[Congressional Record Volume 140, Number 100 (Wednesday, July 27, 1994)]
[House]
[Page H]
From the Congressional Record Online through the Government Printing Office [www.gpo.gov]


[Congressional Record: July 27, 1994]
From the Congressional Record Online via GPO Access [wais.access.gpo.gov]


                              {time}  1410
 
              THE 50TH ANNIVERSARY OF THE WARSAW UPRISING

  The SPEAKER pro tempore (Mr. Hinchey). Under a previous order of the 
House, the gentlewoman from Ohio [Ms. Kaptur] is recognized for 5 
minutes.
  Ms. KAPTUR. Mr. Speaker, I rise tonight to pay tribute to the 
courageous people of Poland on their upcoming 50th anniversary of the 
Warsaw uprising.
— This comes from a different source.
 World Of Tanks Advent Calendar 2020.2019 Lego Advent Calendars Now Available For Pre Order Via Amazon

This is the third in a series of special orders I will 
give this week to bring attention to this event. I will continue this 
evening by reading to the membership, excerpts from the book, 
``Forgotten Holocaust: The Poles Under German Occupation, 1939-1944,'' 
by Richard Lucas.

       August 5.--The German counterattack began with a massive 
     assault by the Luftwaffe, which dropped incendiary bombs.
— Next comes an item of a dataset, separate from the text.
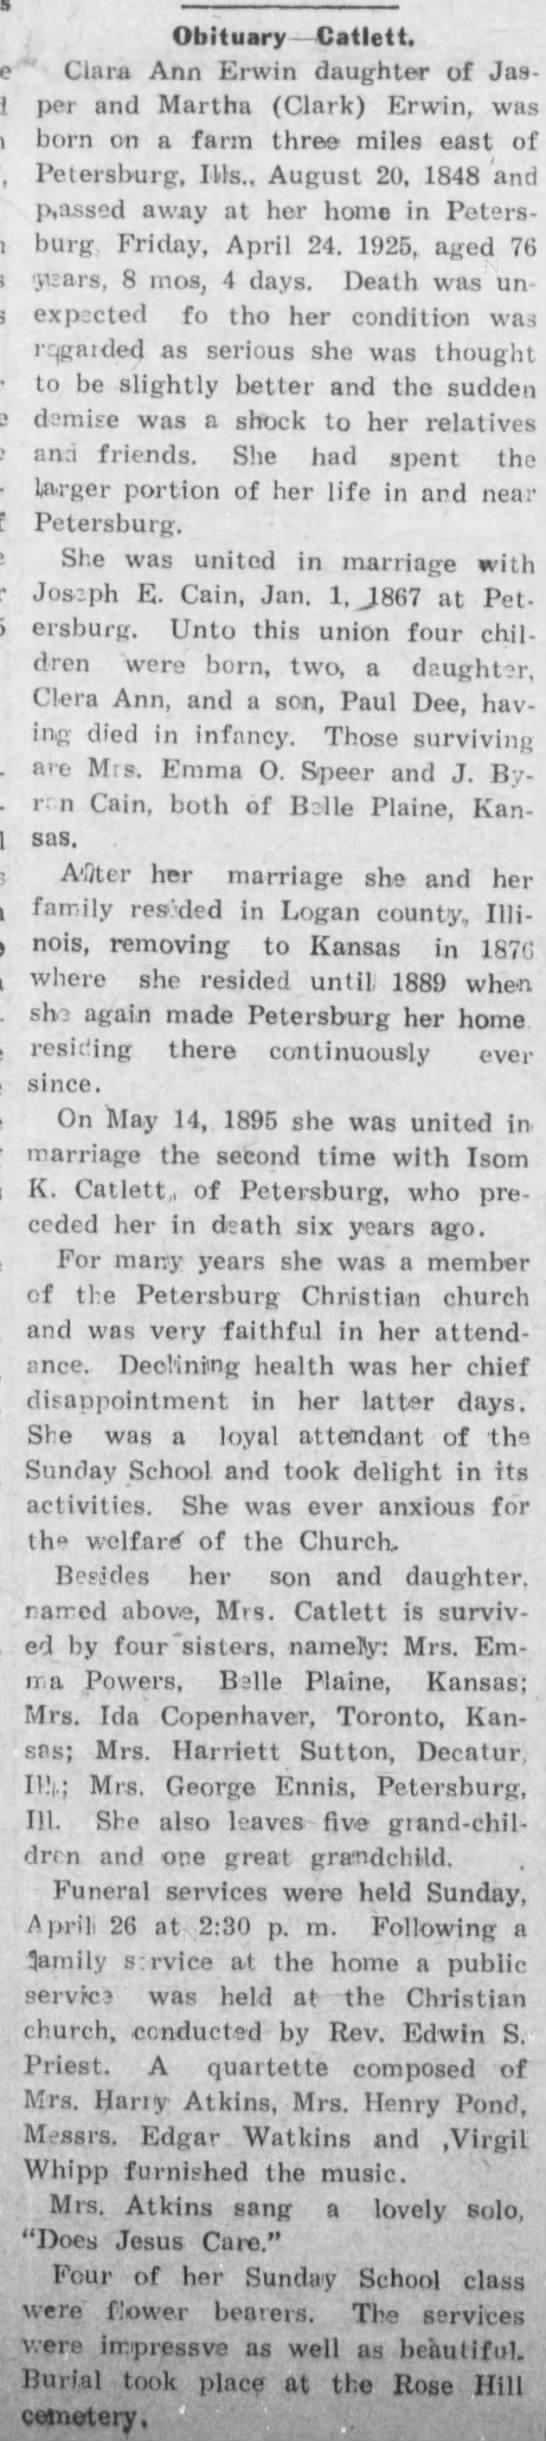 Clarissa Ann Erwin Cain CAtlett  obituary  Belle Plaine News

       Between ground and air action, houses were systematically 
     leveled on both sides of the street, barricades were 
     destroyed, and the entire area became an inferno.
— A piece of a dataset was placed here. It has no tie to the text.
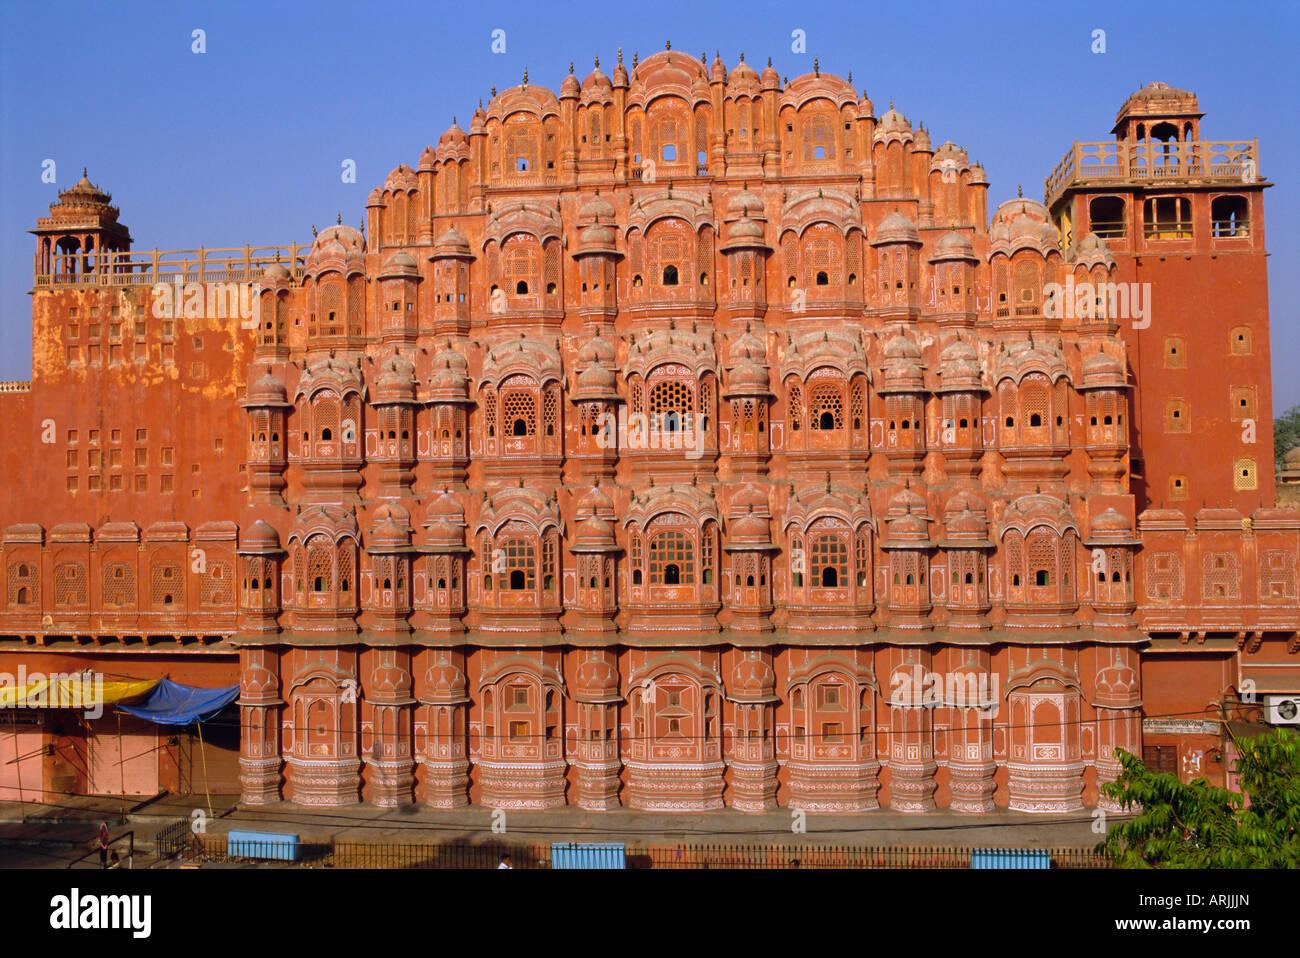 Le palais des vents, le Hawa Mahal, Jaipur, Rajasthan, Inde, Asie Photo Stock

       Kaminski's unit, which began its assault at a more 
     leisurely 9:30 a.m. on August 5, only advanced 300 yards. One 
     reason for the slow progress of its attack stemmed from 
     stubborn Polish defenders who were hopelessly outmanned and 
     outarmed. Another reason, however, was the degeneration of 
     the Kaminski counterattack into an orgy of murdering, looting 
     and raping--converting men into a mob of marauders more akin 
     to Attila's hordes than to soldiers of a modern disciplined 
     army.
       Most of the responsibility for the crimes in Warsaw has 
     been leveled against the infamous Dirlewanger Brigade and the 
     Russians in Kaminski's Brigade. Though this was true to a 
     large extent, there were also regular, SS, and police 
     formations who were involved in the degraded activities of 
     these early August days.
       Oskar Dirlewanger was one of those degenerates who, in 
     saner days, would have been court-martialed out of the German 
     army. Born in Wuerzberg in 1895, he served in the German army 
     in World War I, after which he went on to earn a doctorate in 
     economics. Though intelligent, he was a liar, an alcoholic 
     and a pervert who molested children. Convicted of a sexual 
     assault upon a minor in 1935, he spent two years in prison. 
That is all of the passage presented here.